## WHAT TO PRODUCE
Go through the data below and repeat it exactly, skipping each picture.

*** DATASET EXTRACT Section Begins ***

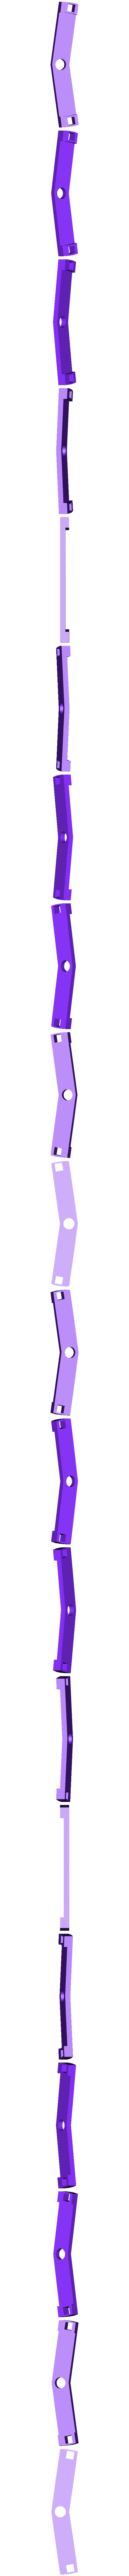 Case_Bracket.stl Download free STL file Archimedes Screw Bonanza • 3D printer design, Urulysman
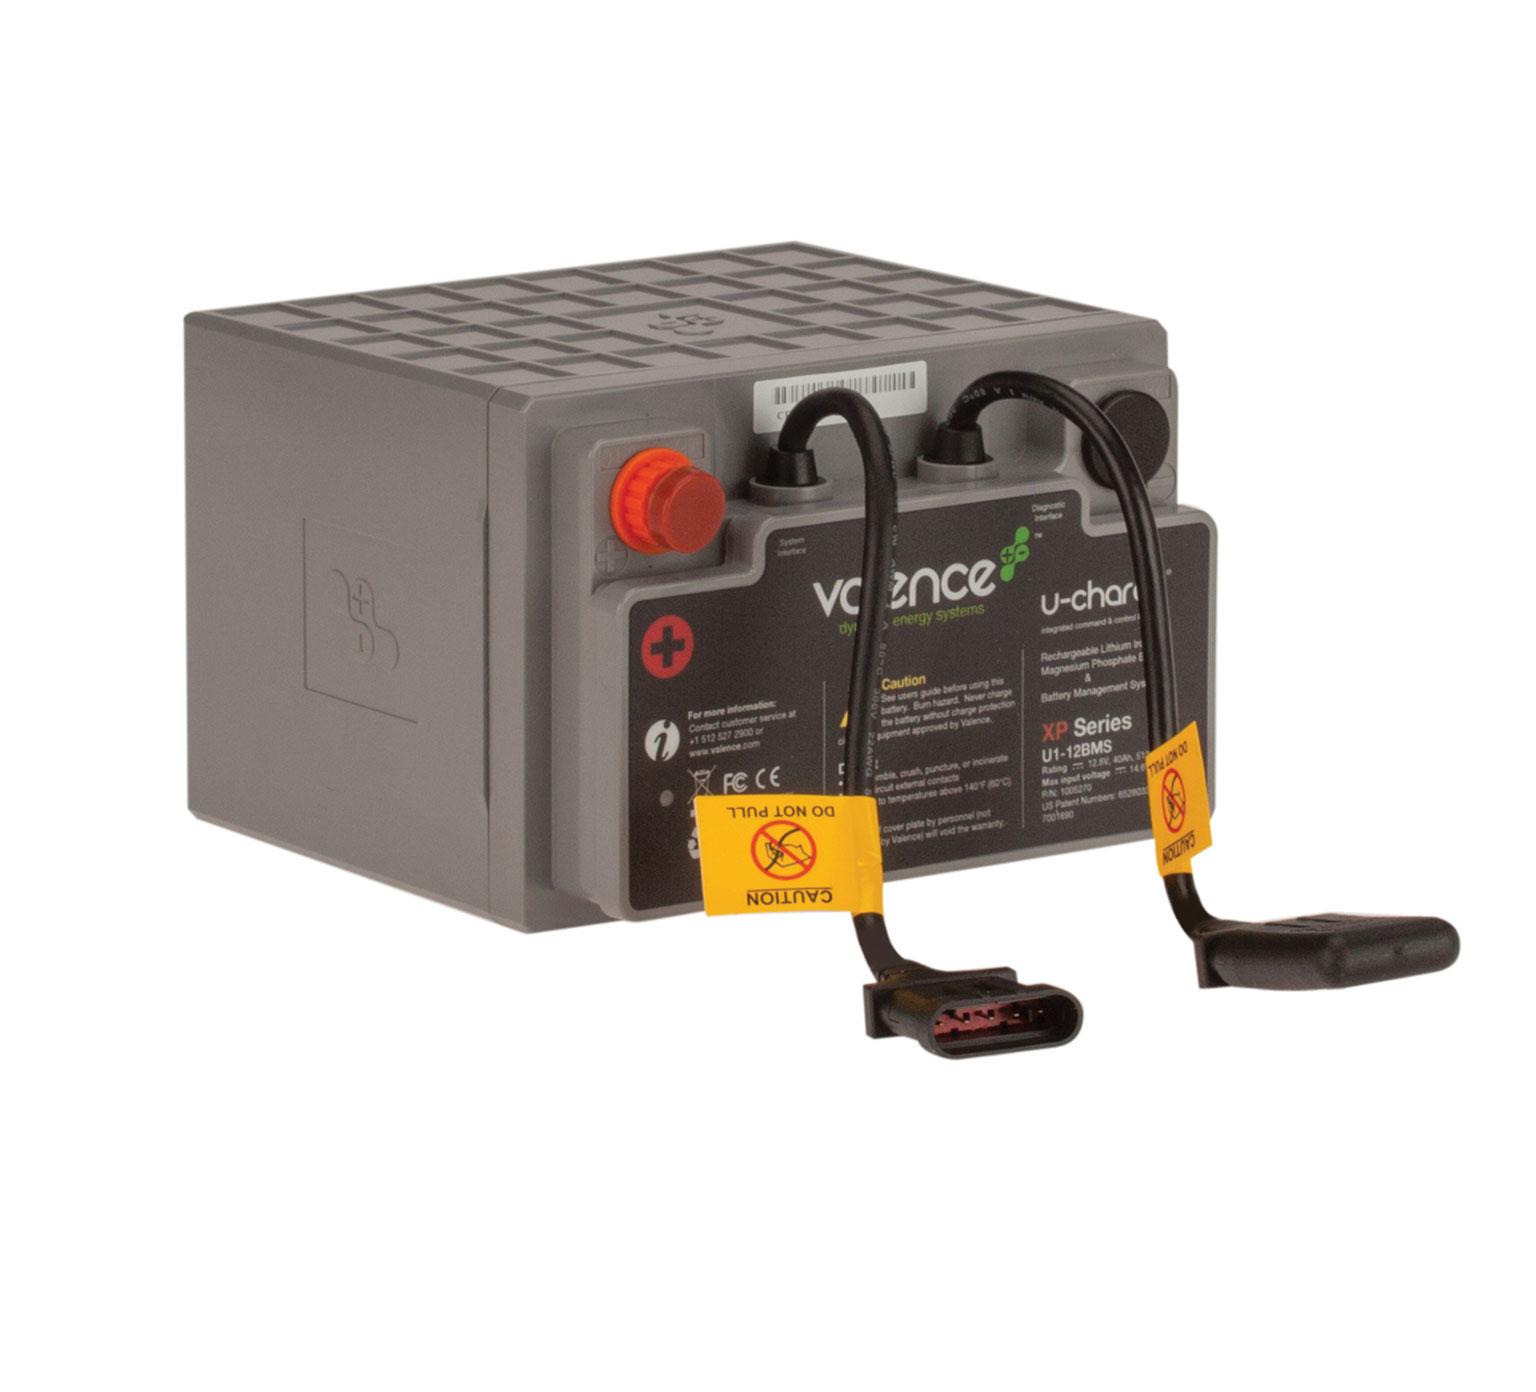 Tennanttrue 12 Volt Li Ion Valence Battery Kit Pn 9008690
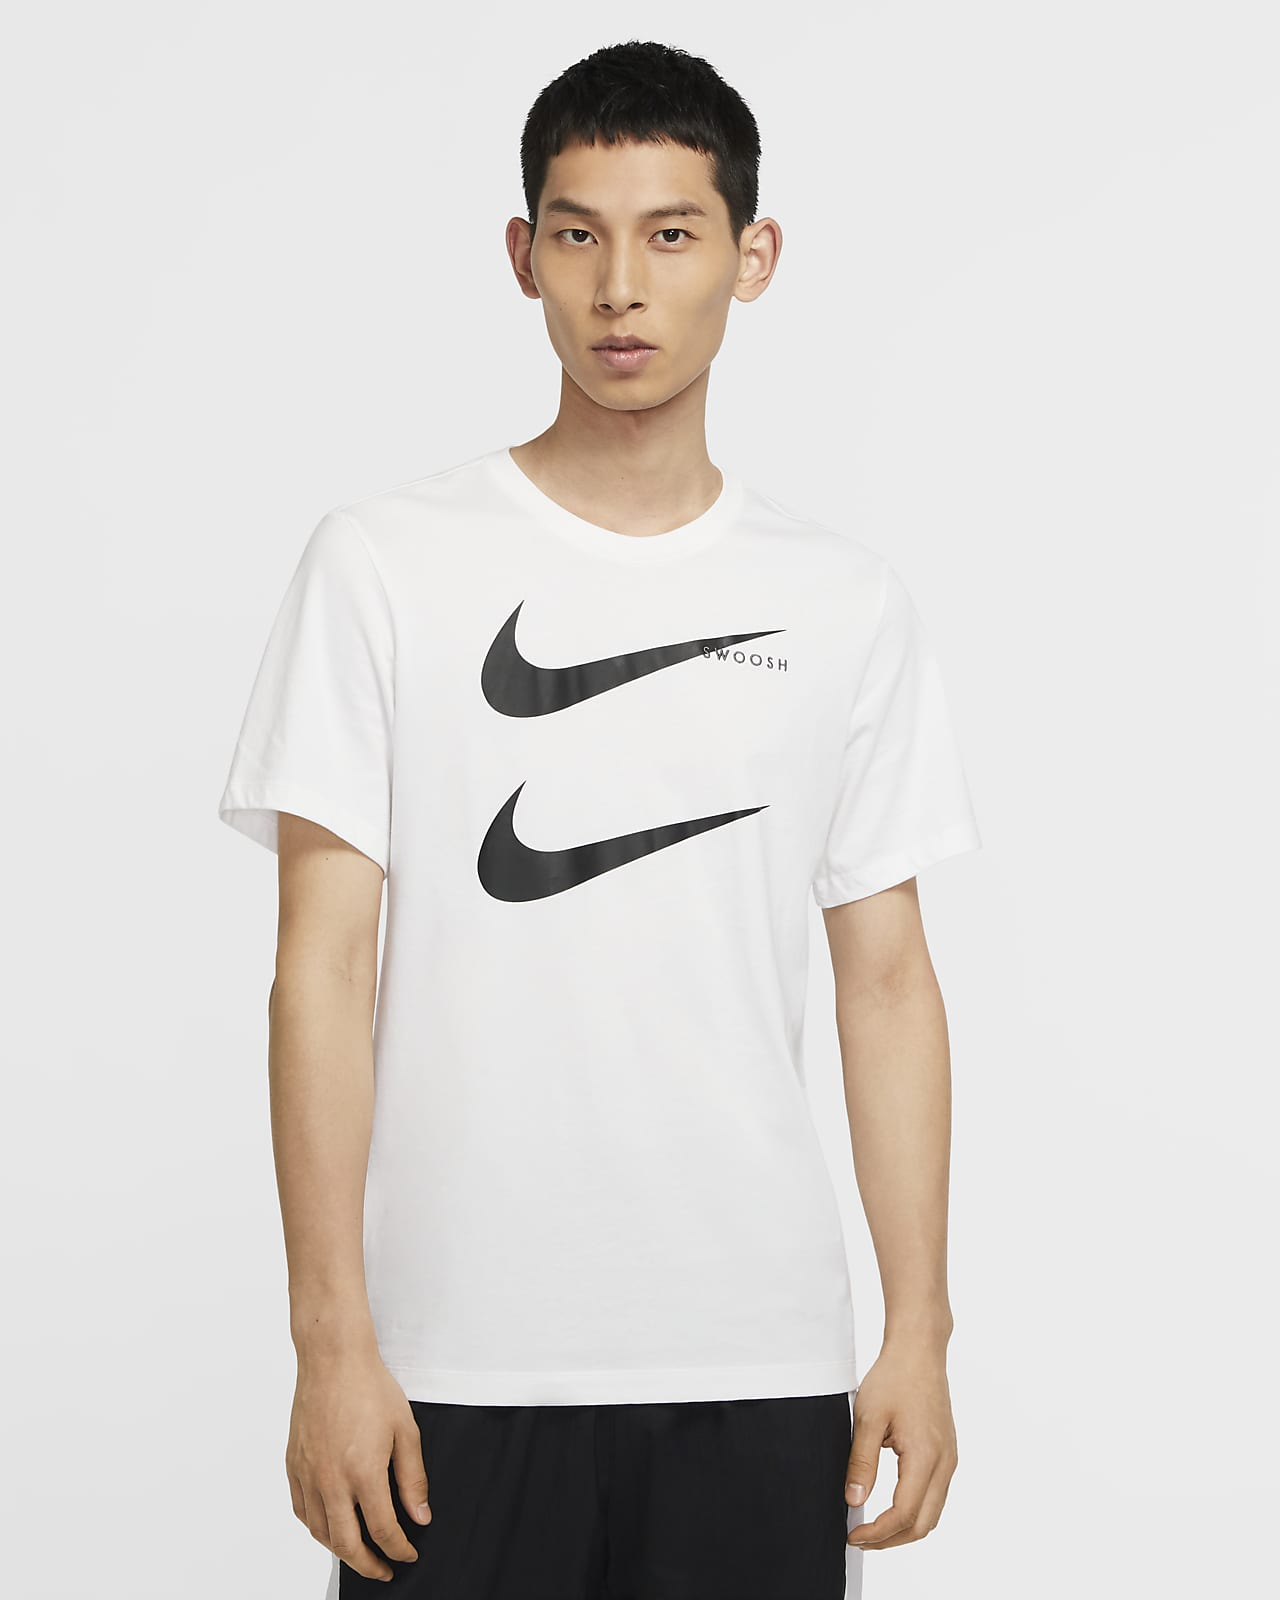 Registrarse Opcional Injusto  Nike Sportswear Swoosh Men's T-Shirt. Nike JP

*** DATASET EXTRACT Section Ends ***

## EXERCISE RESULT
 Case_Bracket.stl Download free STL file Archimedes Screw Bonanza • 3D printer design, Urulysman
 Tennanttrue 12 Volt Li Ion Valence Battery Kit Pn 9008690
 Registrarse Opcional Injusto  Nike Sportswear Swoosh Men's T-Shirt. Nike JP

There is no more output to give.